(Dataset extract begins)

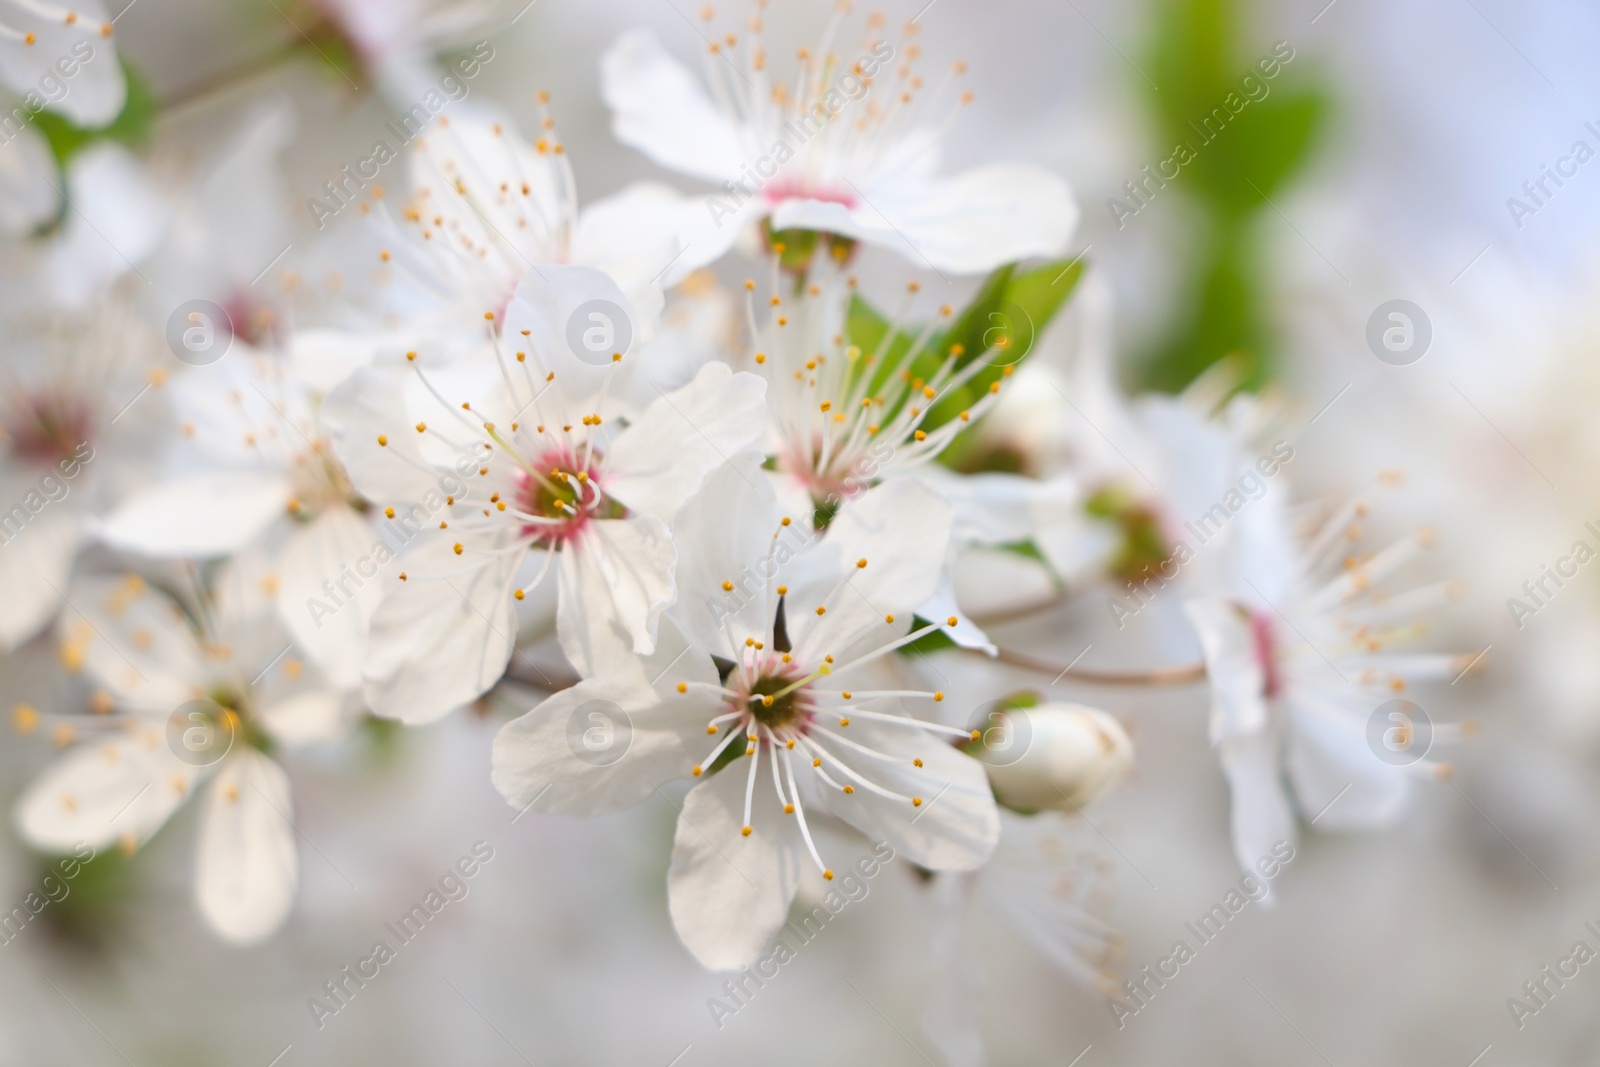 Photo of Cherry tree with white blossoms on blurred background, closeup. Spring season
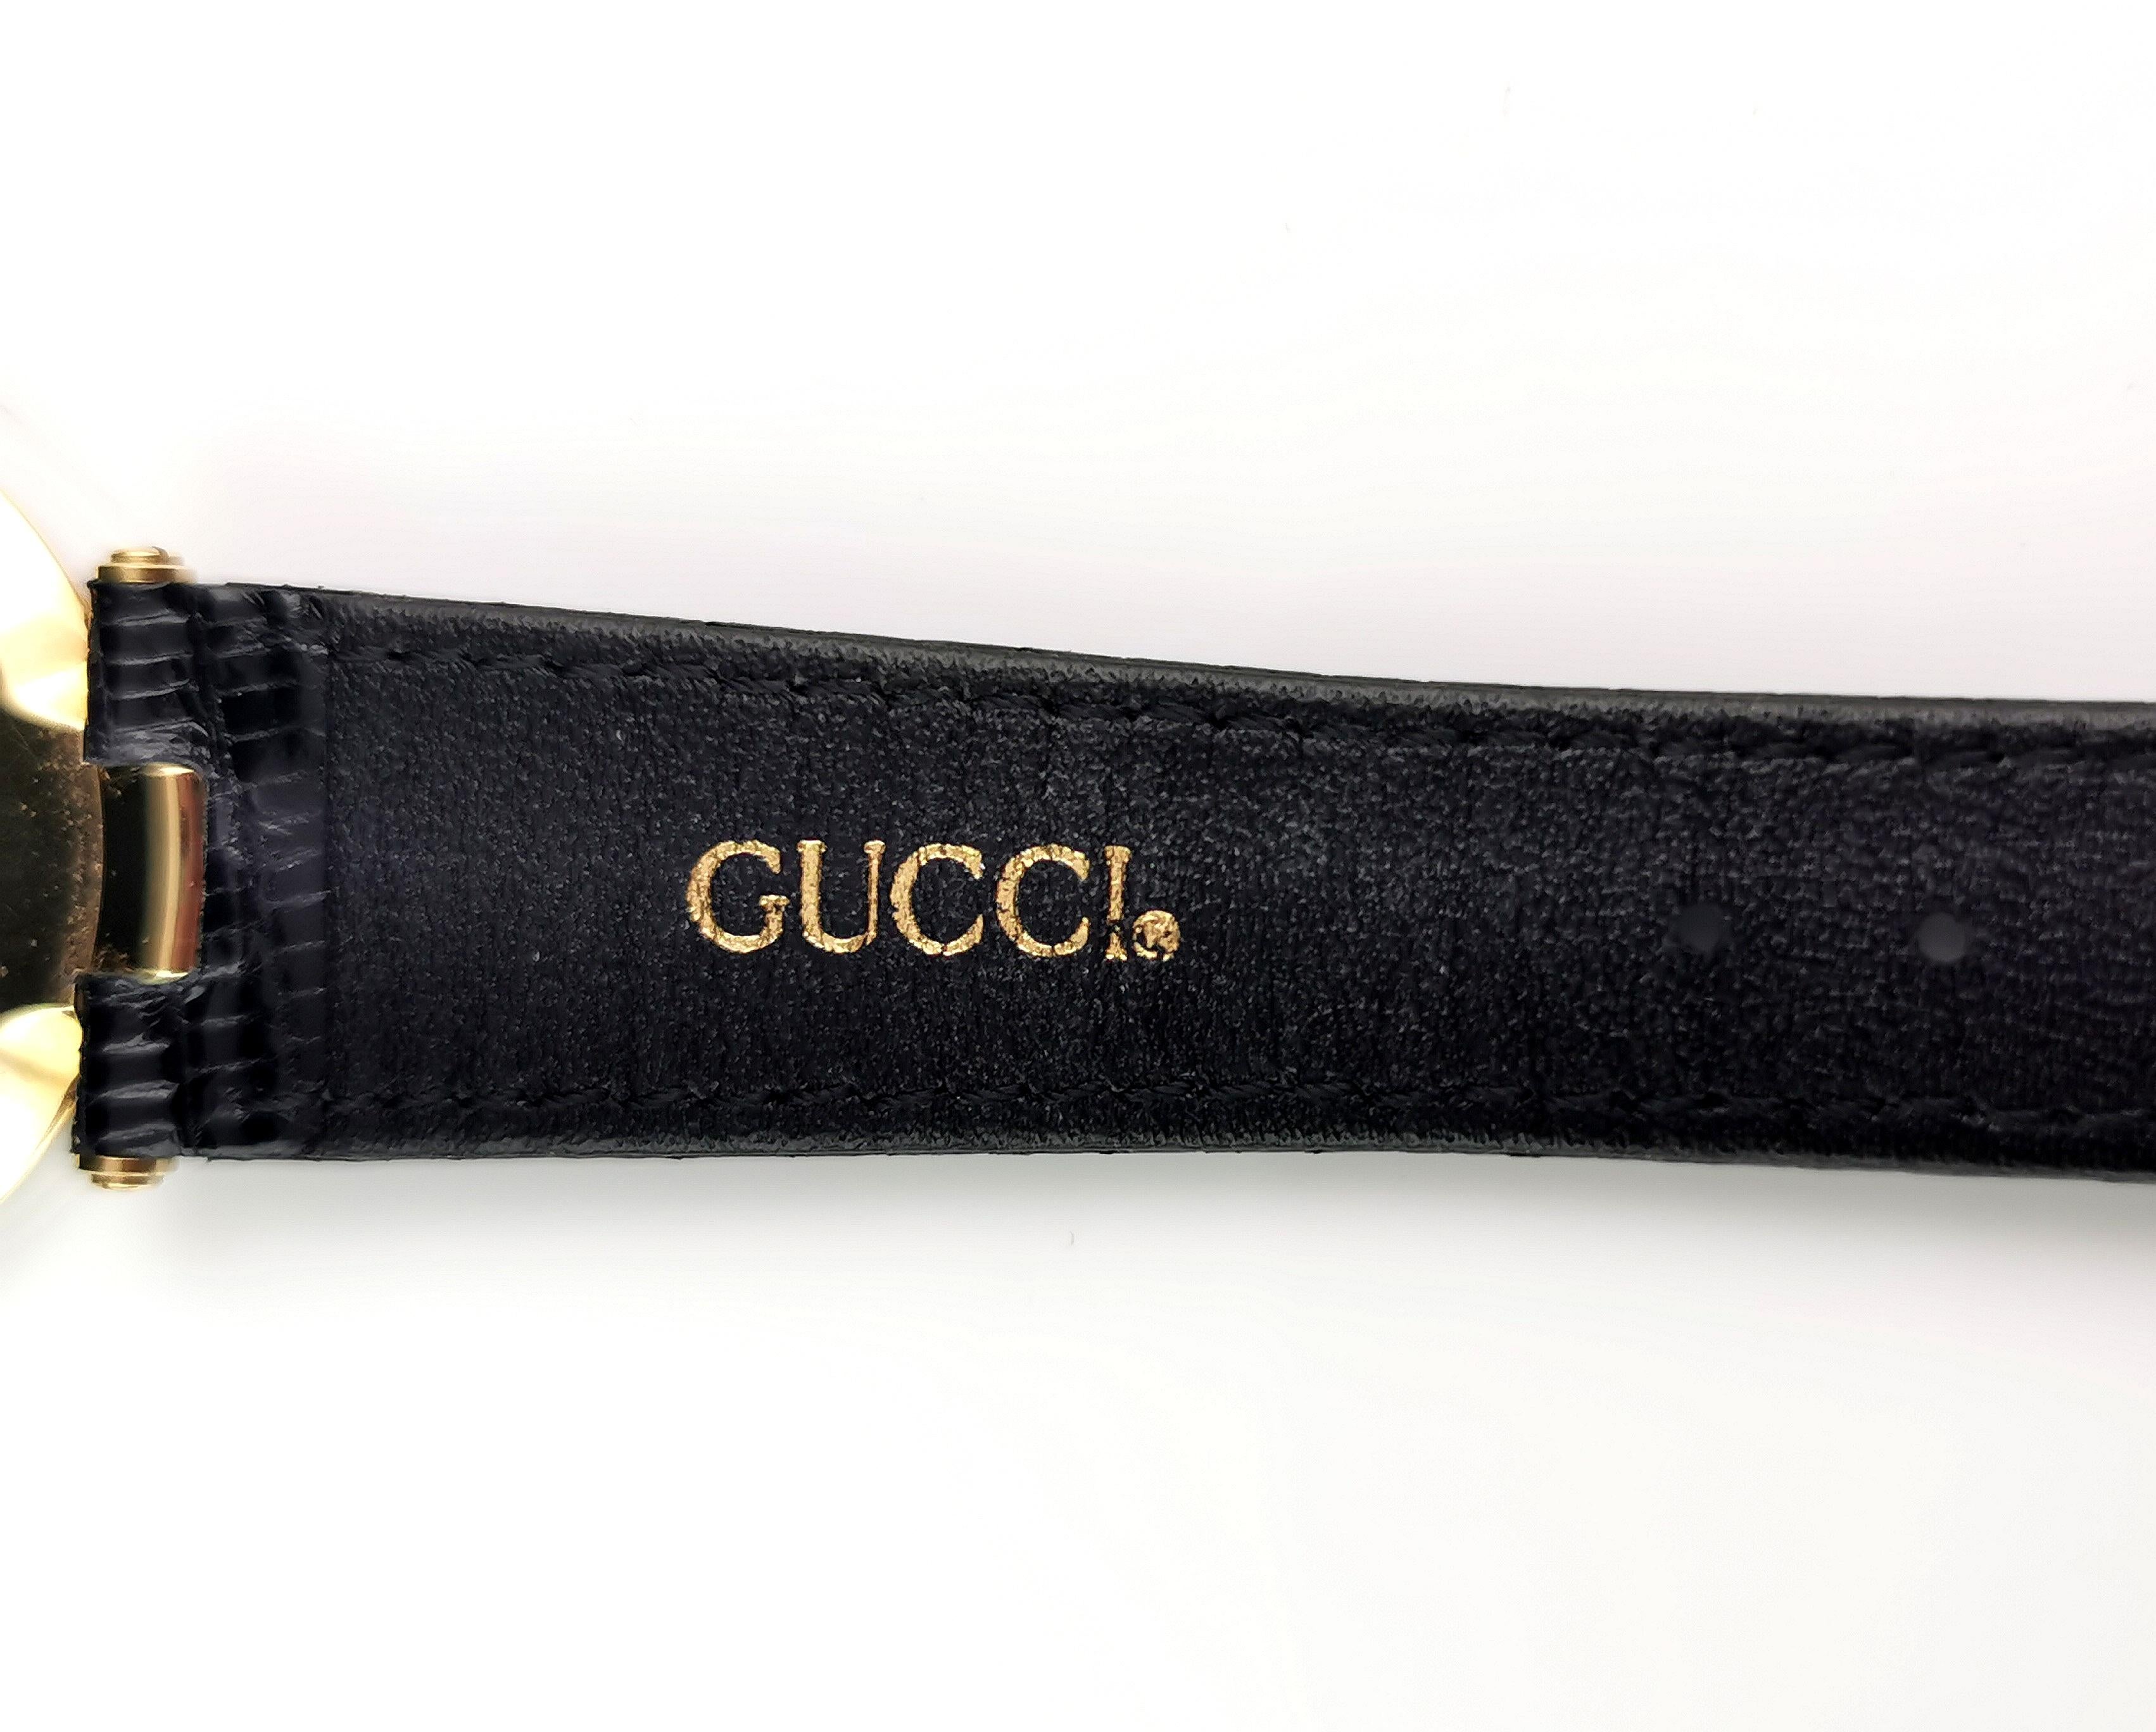 Gucci 4500m wristwatch, gold plated, stainless steel, Leather strap  For Sale 1
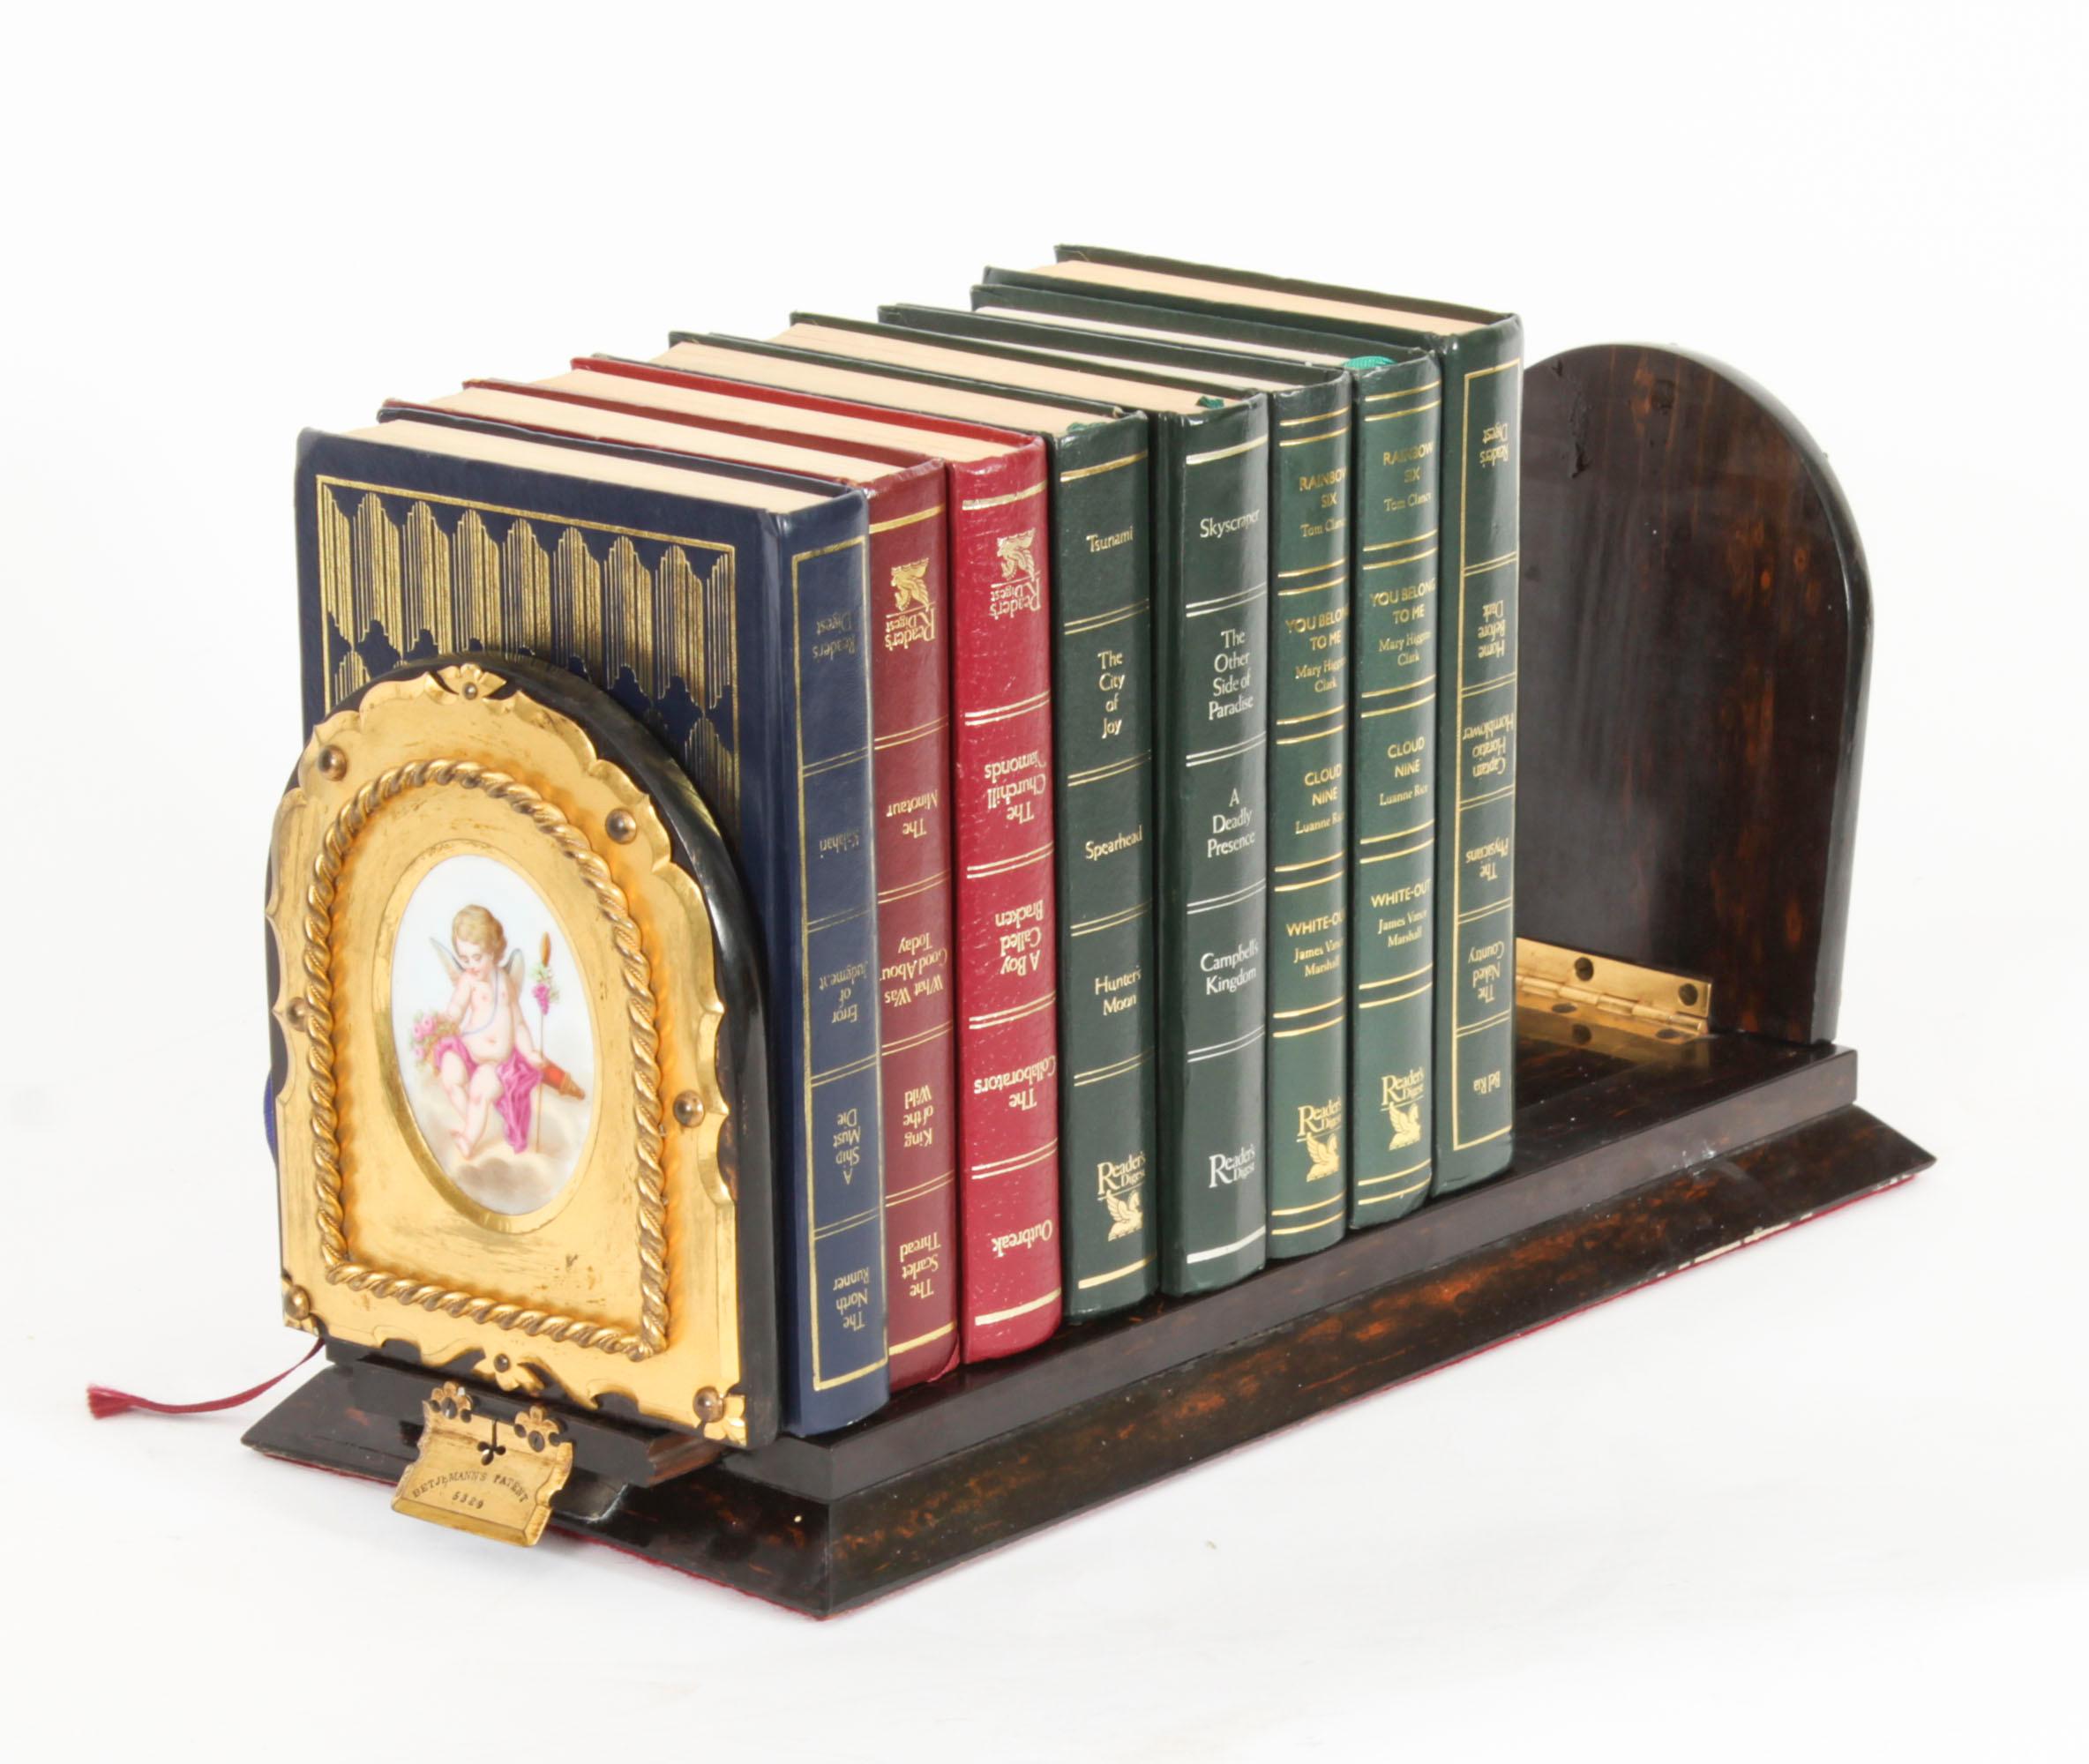 This is a high quality antique Victorian coromandel porcelain inset adjustable book slide, by Betjemann's, 19th century and circa 1870 in date.
 
It is made of stunnning coromandel and features a pair of oval gilt brass mounts enclosing porcelain

(Dataset extract ends)

[Exercise]
Please copy the lines above, starting at the one that holds "This is a high" and stopping after the last line, exactly as they appear and minus the pictures.

[Output for this exercise]
 This is a high quality antique Victorian coromandel porcelain inset adjustable book slide, by Betjemann's, 19th century and circa 1870 in date.
 
It is made of stunnning coromandel and features a pair of oval gilt brass mounts enclosing porcelain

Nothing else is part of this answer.